D. Test for Autocorrelation: Table 4 shows that p-value equal (0.9150) so We have no Autocorrelation.

Table 4
Breusch-Godfrey Serial Correlation Lm Test Results
Breusch-Godfrey Serial Correlation LM Test:
F-statistic 0.171298 Prob. F(3,33) 0.915
Obs*R-squared 0.628683 Prob. Chi-Square(3) 0.8898


IRF Results Show

  1. Positive shocks in the volume of oil exports do not lead to a significant decrease in crude oil prices. During six periods, the Baseline remains inherent to the Baseline + oil export, while the effects of the shock begin slightly in the last four periods (Figure 4-A) This pattern is basically consistent with our model that assumes that the volume of oil exports does not affect much on world oil prices since the oil pricing mechanisms of the exporting countries have changed in favor of other variables (the results of which will be discussed in detail in the coming lines).
  2. Positive shocks in the volume of oil imports lead to a decrease in crude oil prices during the first five periods, and the effects of the shock on oil imports remain stable for five other periods and then rise again, during the first five periods the Baseline rises from the (Baseline + oil import) While the effects of the shock begin to settle in the other five periods, the Baseline + oil import curve returns to rise above the Baseline curve until the end of the period (Figure 4-B). This pattern is consistent with our model that assumes that the volume of oil imports affects In oil prices.
  3. Positive shocks in natural gas prices This leads to higher demand for crude oil, from the second period, and this is normal due to the slowdown in consumer response, but this response decreases for two subsequent periods, and then rises again clearly, (graph 4 - c) This volatility is due to competition in the global energy markets.
  4. The largest response was from the placebo variable (D1), and these responses were elevated in periods of tensions in the oil production areas clearly (Figure 4-D).

Summary and Conclusion

This paper has examined the many variables effects of shocks to oil price within the context of a five-variable vector autoregressive model, in try to know what variable causes the oil price, we examined oil export, oil import, gas price, as substitute good, and dummy variable, as the tension in the oil production regions.
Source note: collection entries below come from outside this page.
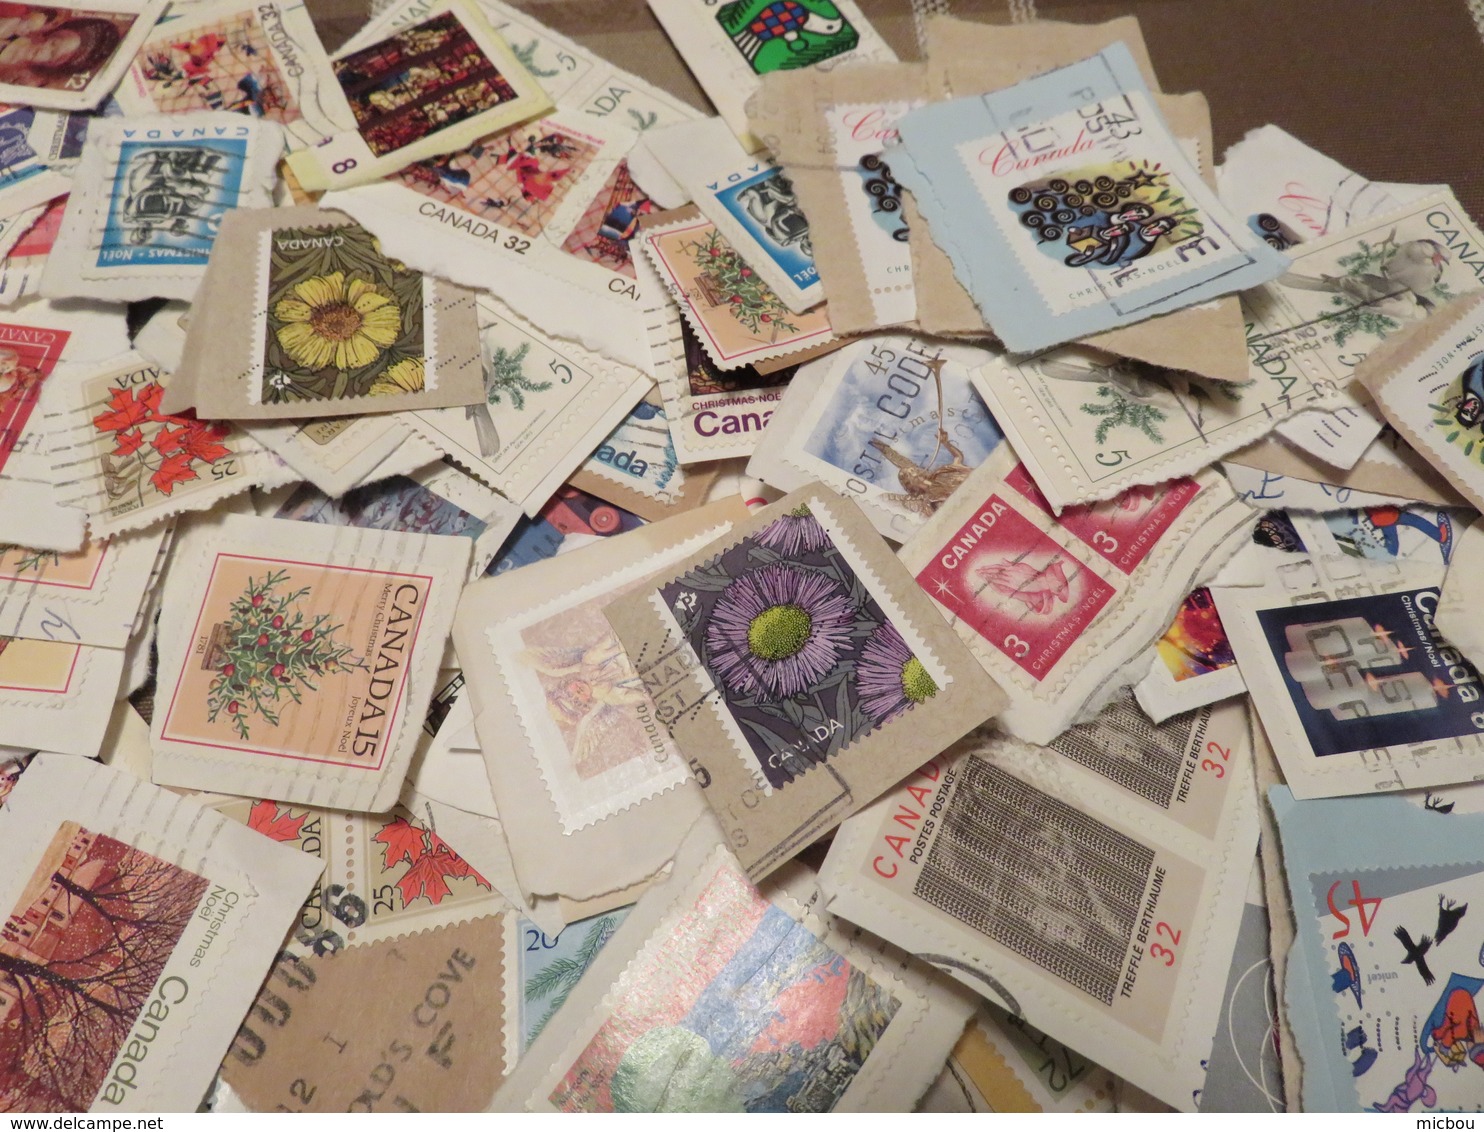 ##KK, Canada, vrac, plus de 750 timbres commémoratifs, more than 750 commemorative stamps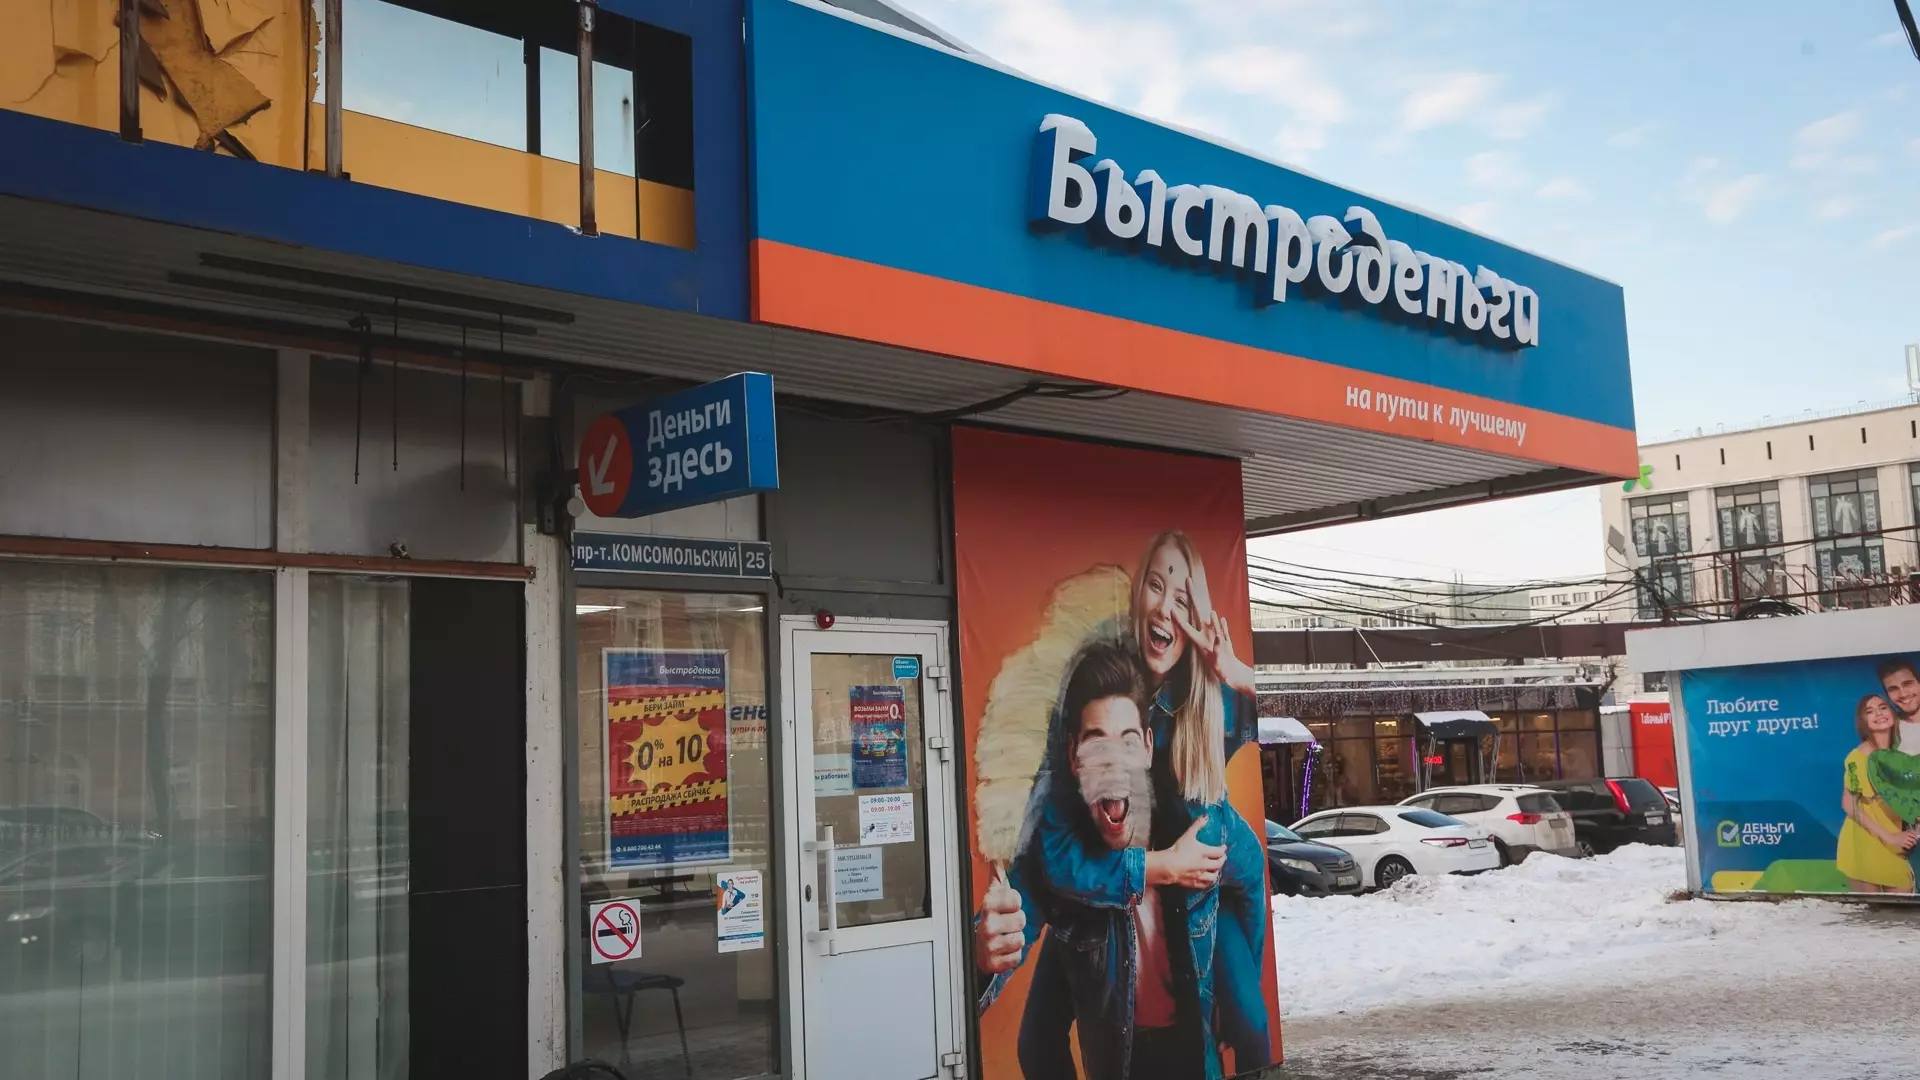 Руки прочь от кредитов! Как помочь россиянам избавиться от банковских долгов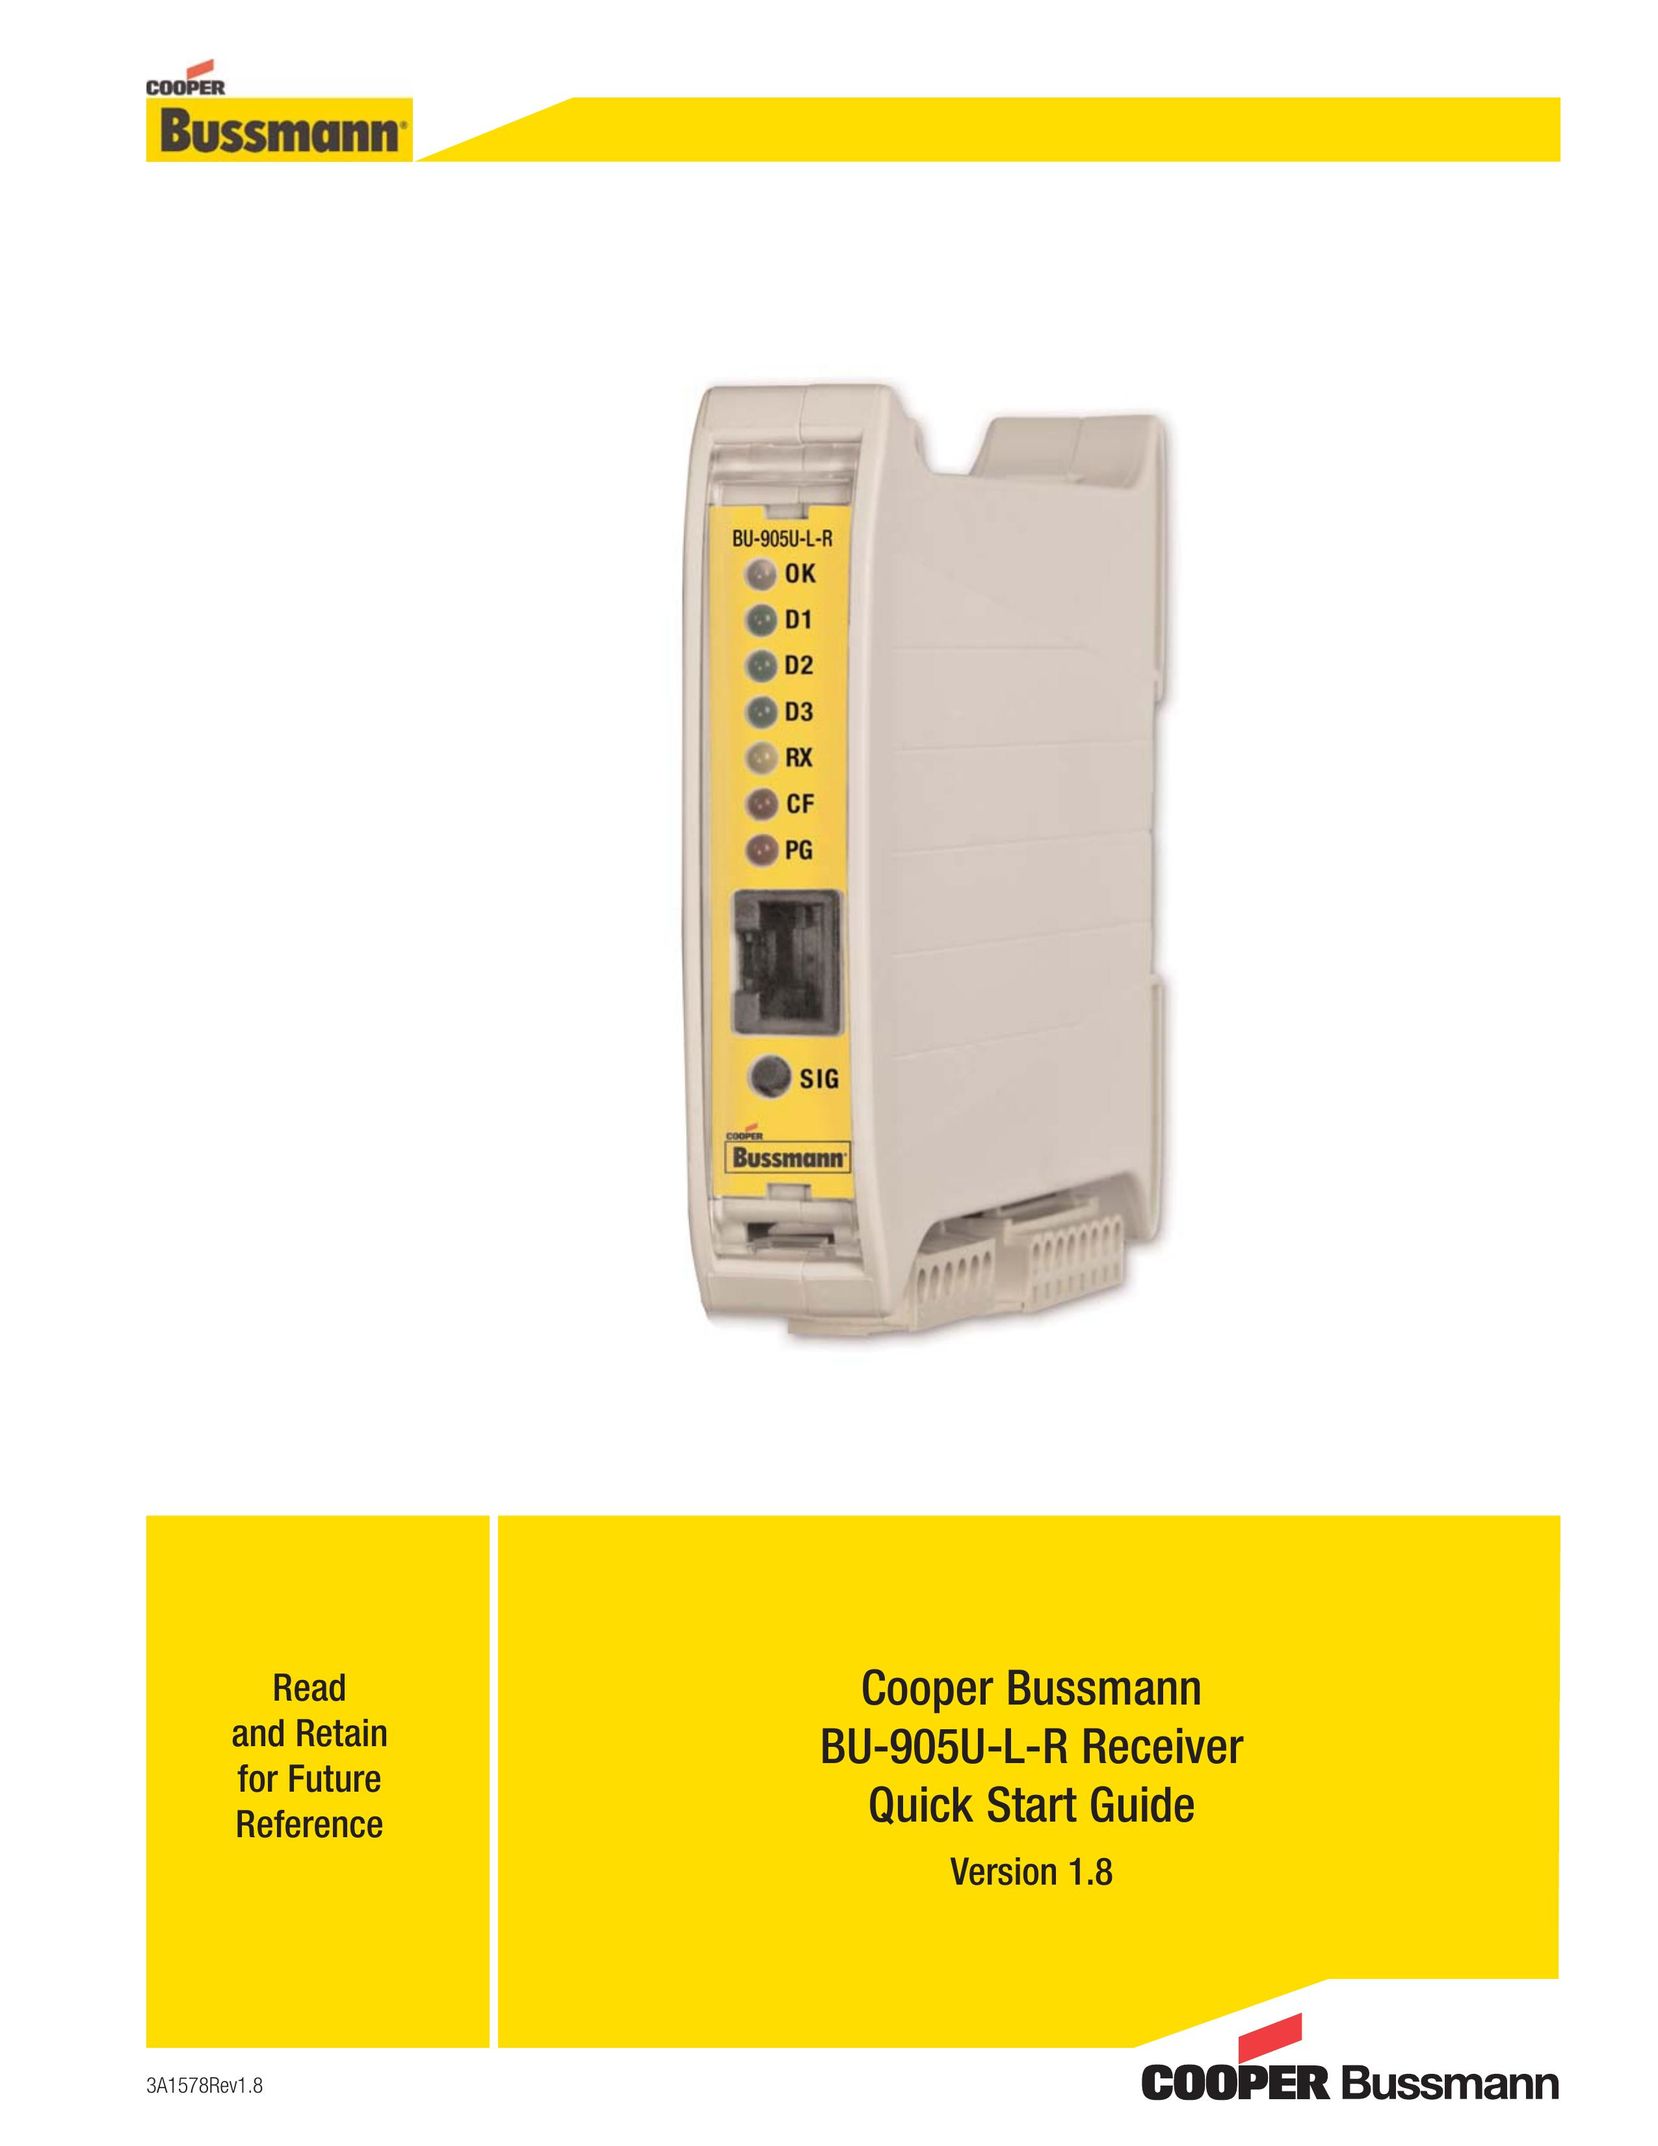 Cooper Bussmann BU-905U-L-R TV Receiver User Manual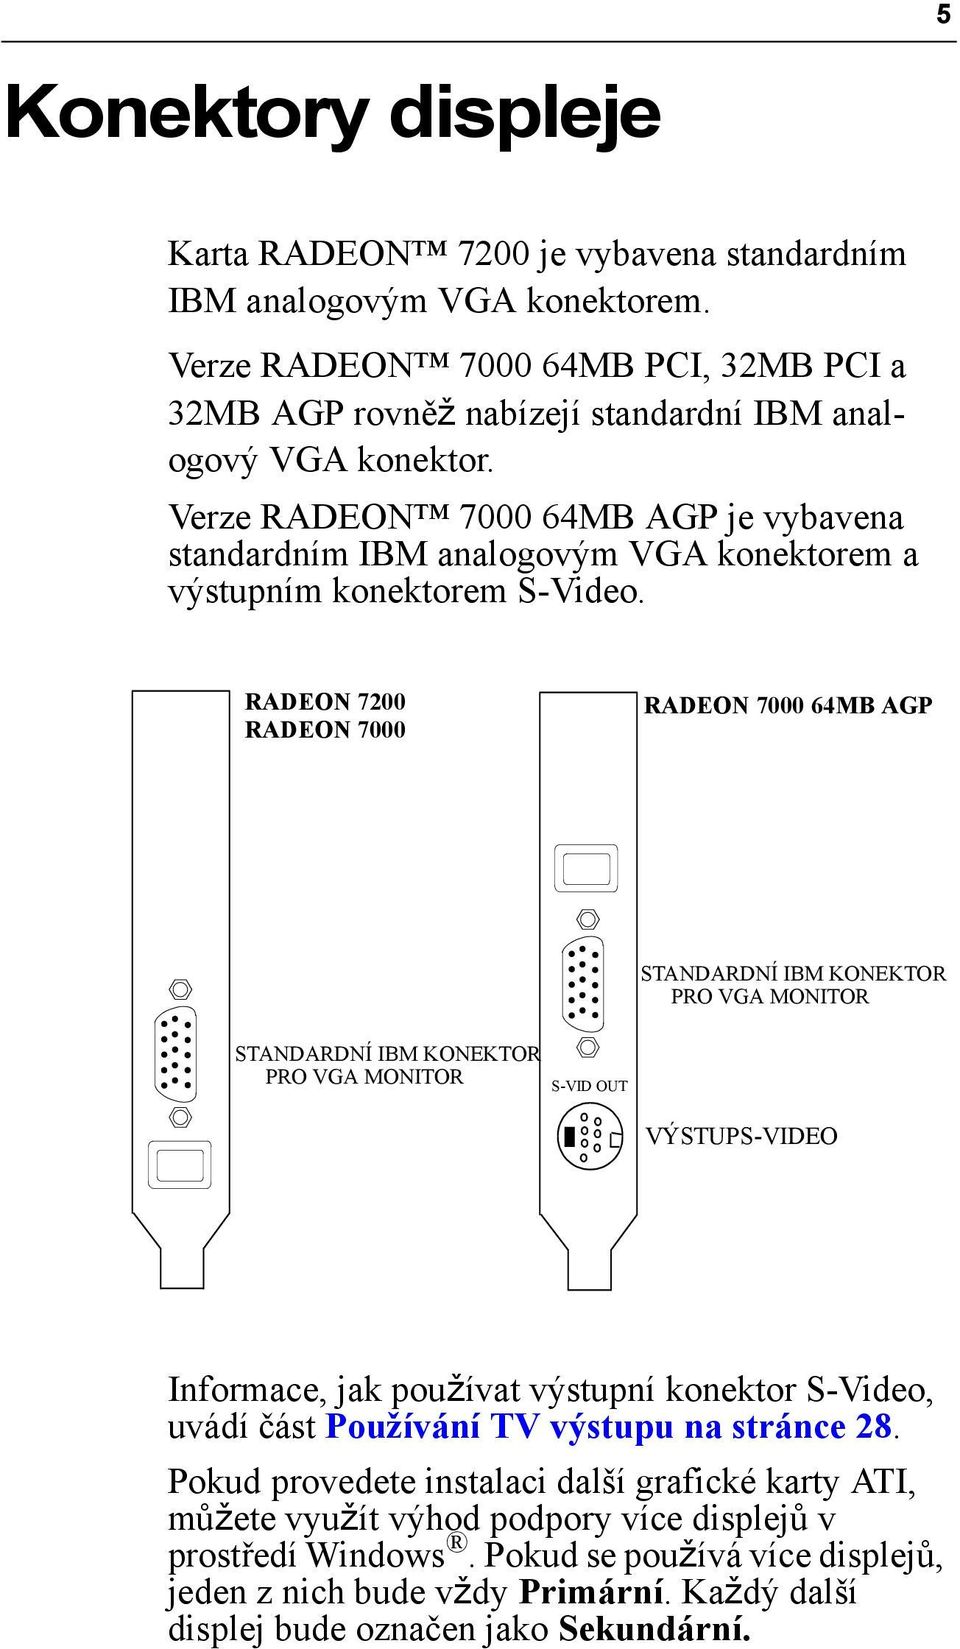 RADEON 7200 RADEON 7000 RADEON 7000 64MB AGP STANDARDNÍ IBM KONEKTOR PRO VGA MONITOR STANDARDNÍ IBM KONEKTOR PRO VGA MONITOR S-VID OUT VÝSTUPS-VIDEO Informace, jak používat výstupní konektor

This research has confirmed a long run relationship between the model variable. so We used the functions of Impulse Response to test the response of oil price to oil export, oil import, gas price and dummy variable.

A historical decomposition in Impulse response functions indicate the empirical shocks have effects consistent with those predicted by theory. The IRFs suggest it is important to distinguish between dummy variable shocks and oil import toward oil price.